Ambiances thermiques : travailler au chaud ou au froid, le corps à rude épreuve
Chaleur estivale, froid hivernal, locaux mal ventilés ou températures extrêmes liées à certaines activités… Les ambiances thermiques font partie intégrante de nombreux environnements professionnels. Souvent perçues comme un simple inconfort, elles peuvent pourtant avoir des conséquences réelles sur la santé, la sécurité et les conditions de travail.
Que l’on travaille en extérieur, en entrepôt, en atelier, en cuisine ou dans un bureau, l’exposition à la chaleur ou au froid nécessite une vigilance particulière. Prévenir les risques liés aux ambiances thermiques, c’est avant tout garantir des conditions de travail adaptées et préserver l’équilibre du corps humain.
Des situations variées, des effets bien réels sur la santé
Les ambiances thermiques regroupent toutes les situations où la température influence les conditions de travail, qu’il s’agisse de chaleur ou de froid. Ces situations concernent tous les secteurs :
- Travail en extérieur (BTP, agriculture, logistique) exposé aux conditions climatiques ;
- Travail en environnement chaud (cuisines, industrie, blanchisseries) ;
- Travail en environnement froid (entrepôts frigorifiques, agroalimentaire) ;
- Travail en bureau ou commerce, où une mauvaise régulation thermique peut générer un inconfort.

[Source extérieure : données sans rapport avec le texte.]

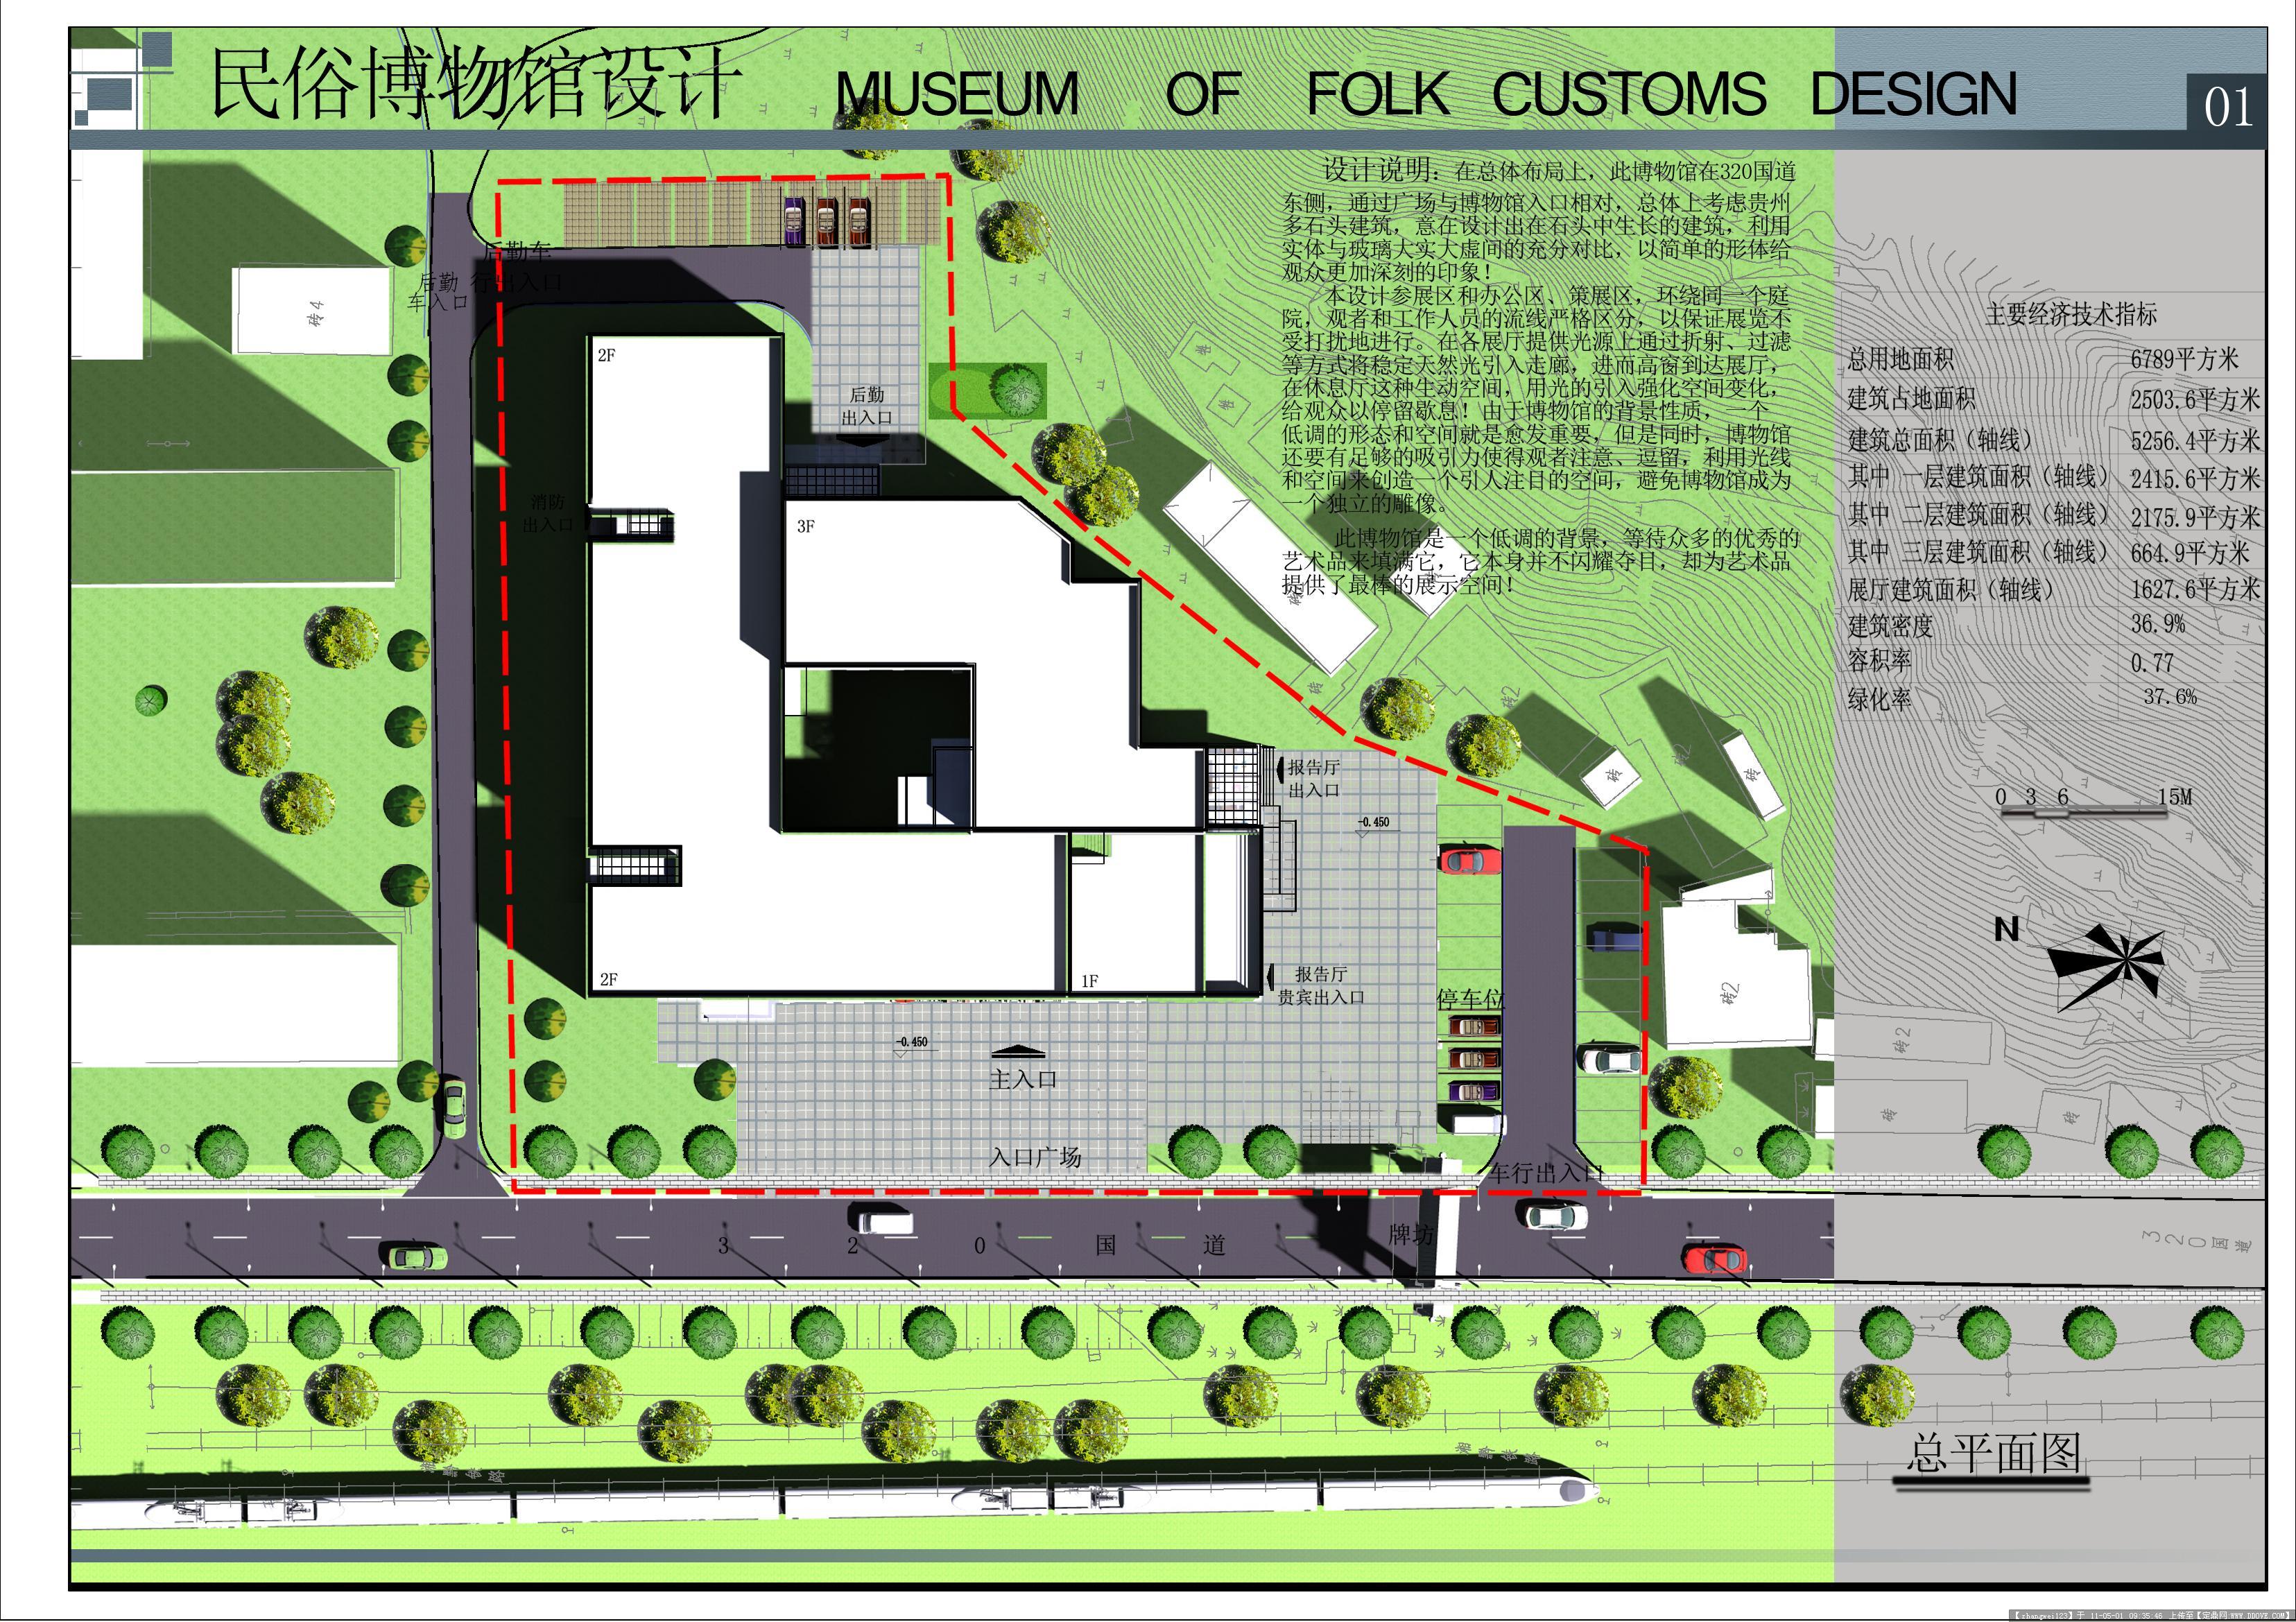 博物馆建筑效果图几张-大图的图片浏览,建筑方案图纸

Les effets sur la santé peuvent être immédiats ou progressifs :
- En cas de chaleur: fatigue, maux de tête, déshydratation, baisse de vigilance, voire coup de chaleur…

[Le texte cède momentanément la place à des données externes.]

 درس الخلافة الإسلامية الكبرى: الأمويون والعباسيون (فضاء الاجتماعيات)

- En cas de froid : hypothermie, engourdissement, diminution de la dextérité, fatigue, lésions de l’épiderme…
Ces situations peuvent également augmenter les risques professionnels : baisse de concentration, gestes moins précis, temps de réaction allongé et donc risque accru d’accident du travail.

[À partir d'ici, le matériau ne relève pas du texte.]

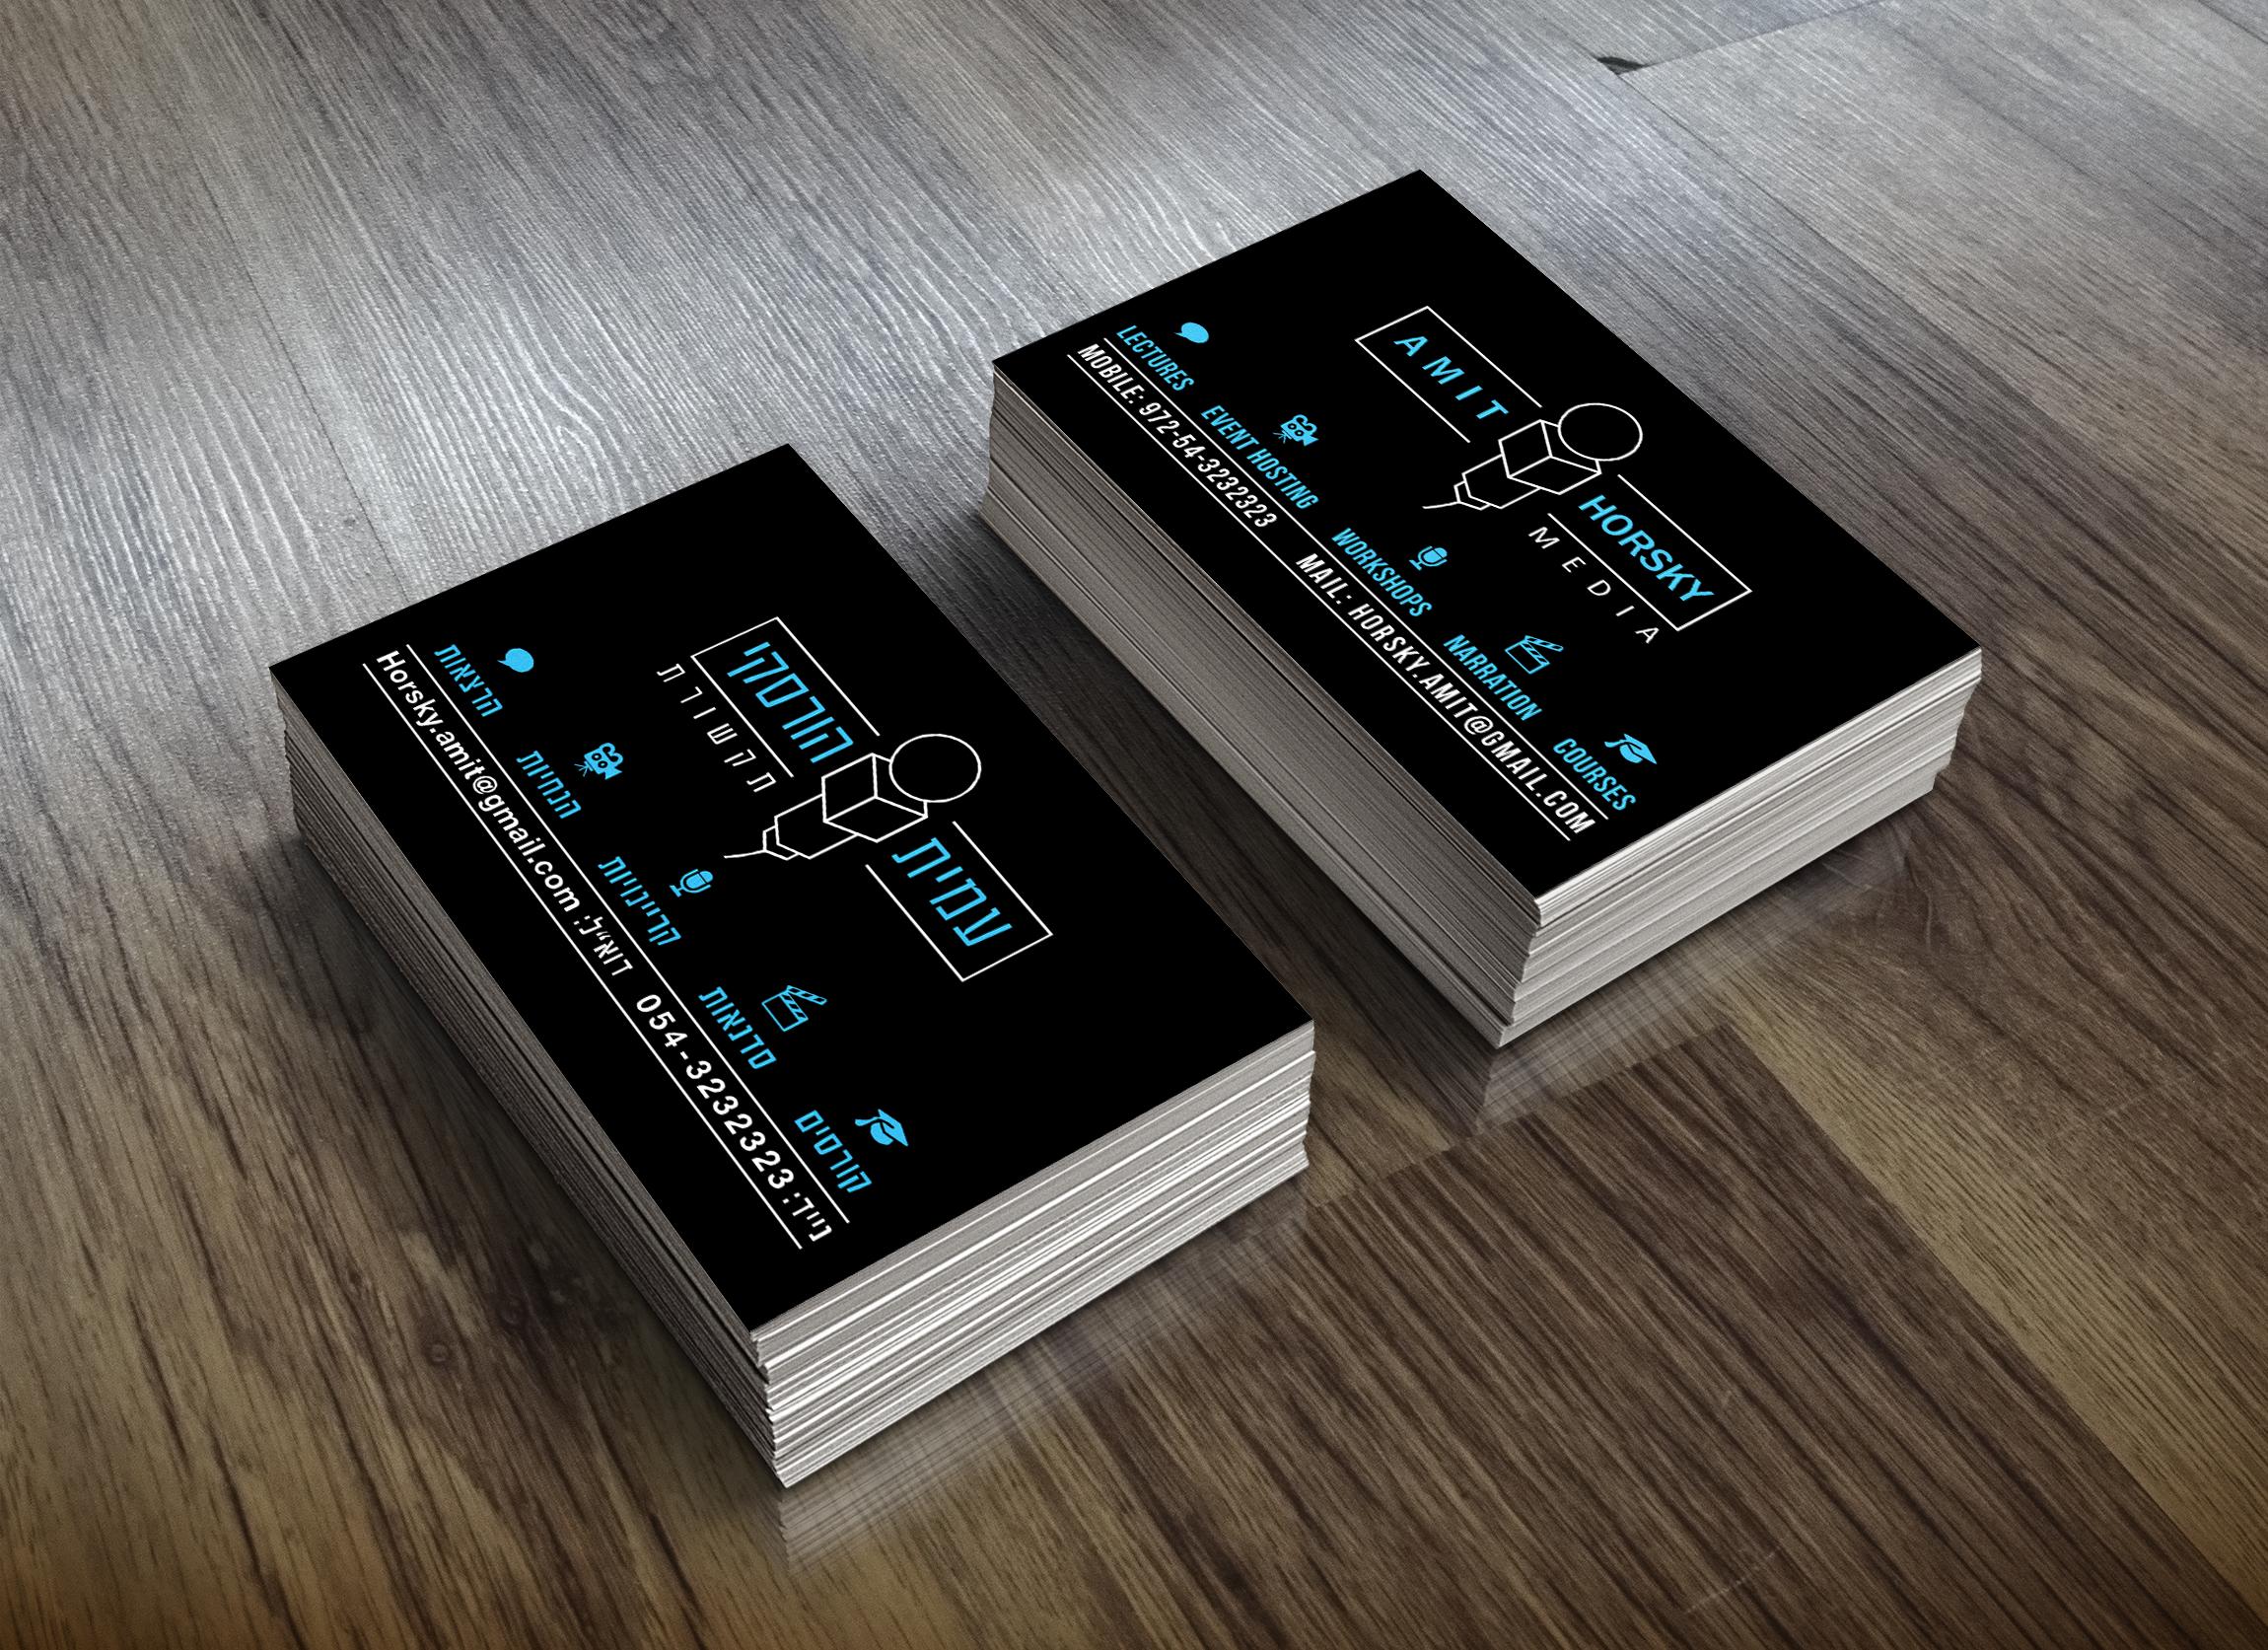 עיצוב לוגו וכרטיס ביקור לעמית הורסקי תקשורת

L’objectif principal de la prévention est de maintenir l’équilibre thermique du corps, c’est-à-dire une température corporelle stable malgré les contraintes de l’environnement.
Les risques liés aux ambiances thermiques extrêmes doivent êtres prises en compte et évalué dans le DUERP.
Notre atelier "Savoir repérer les risques pour formaliser son DUERP" aborde spécifiquement, à travers une fiche dédiée, les ambiances thermiques.
Évaluer le risque : une étape indispensable
Avant d’agir, il est essentiel d’identifier les situations à risque. Contrairement à certaines idées reçues, il n’existe pas de température “universelle” au-delà de laquelle le travail devient dangereux.
En effet, le ressenti thermique dépend de plusieurs facteurs :
- La température de l’air, mais aussi l’humidité, le vent ou le rayonnement ;
- La charge physique de travail ;
- Les équipements portés (vêtements, EPI) ;
- Les caractéristiques individuelles (âge, état de santé, acclimatation).
Des repères existent toutefois pour alerter (sources INRS) :
- En cas de chaleur, des niveaux autour de 30 °C pour une activité sédentaire peuvent constituer un seuil de vigilance ;
- En cas de froid, une attention particulière est recommandée dès que la température descend en dessous de 5 °C.
L’évaluation du risque doit être intégrée dans le document unique et adaptée à chaque situation de travail.
Agir efficacement : des mesures de prévention adaptées
La prévention des ambiances thermiques repose sur une combinaison de mesures techniques, organisationnelles et humaines.
Agir sur l’environnement de travail
- Améliorer la ventilation ou le chauffage des locaux ;
- Isoler les sources de chaleur ou de froid ;
- Aménager des zones de repos adaptées (abris chauffés ou rafraîchis).
Adapter l’organisation du travail
- Aménager les horaires (travail aux heures les moins chaudes en été) ;
- Prévoir des pauses régulières ;
- Limiter les expositions prolongées.
Protéger les salariés
- Mettre à disposition des vêtements adaptés (tenues légères ou isolantes) ;
- Garantir l’accès à l’eau potable [GC1.1][GC1.2][GC1.3]fraîche (notamment en cas de chaleur) ;
- Sensibiliser aux signaux d’alerte (malaise, frissons, fatigue…).
Lorsque l’exposition ne peut être évitée, il est essentiel de limiter sa durée et d’adapter les postes de travail.
Enfin, la prévention repose aussi sur l’information et l’implication des salariés : chacun doit pouvoir identifier une situation à risque et alerter si nécessaire.
Les ambiances thermiques, qu’elles soient chaudes ou froides, ne doivent pas être banalisées. Elles influencent directement la santé, la sécurité et la performance au travail. En combinant évaluation des risques, adaptation des conditions de travail et sensibilisation des équipes, il est possible de prévenir efficacement leurs effets.
Parce que chaque situation est différente, la clé réside dans une approche globale et adaptée à l’activité, au poste et aux salariés.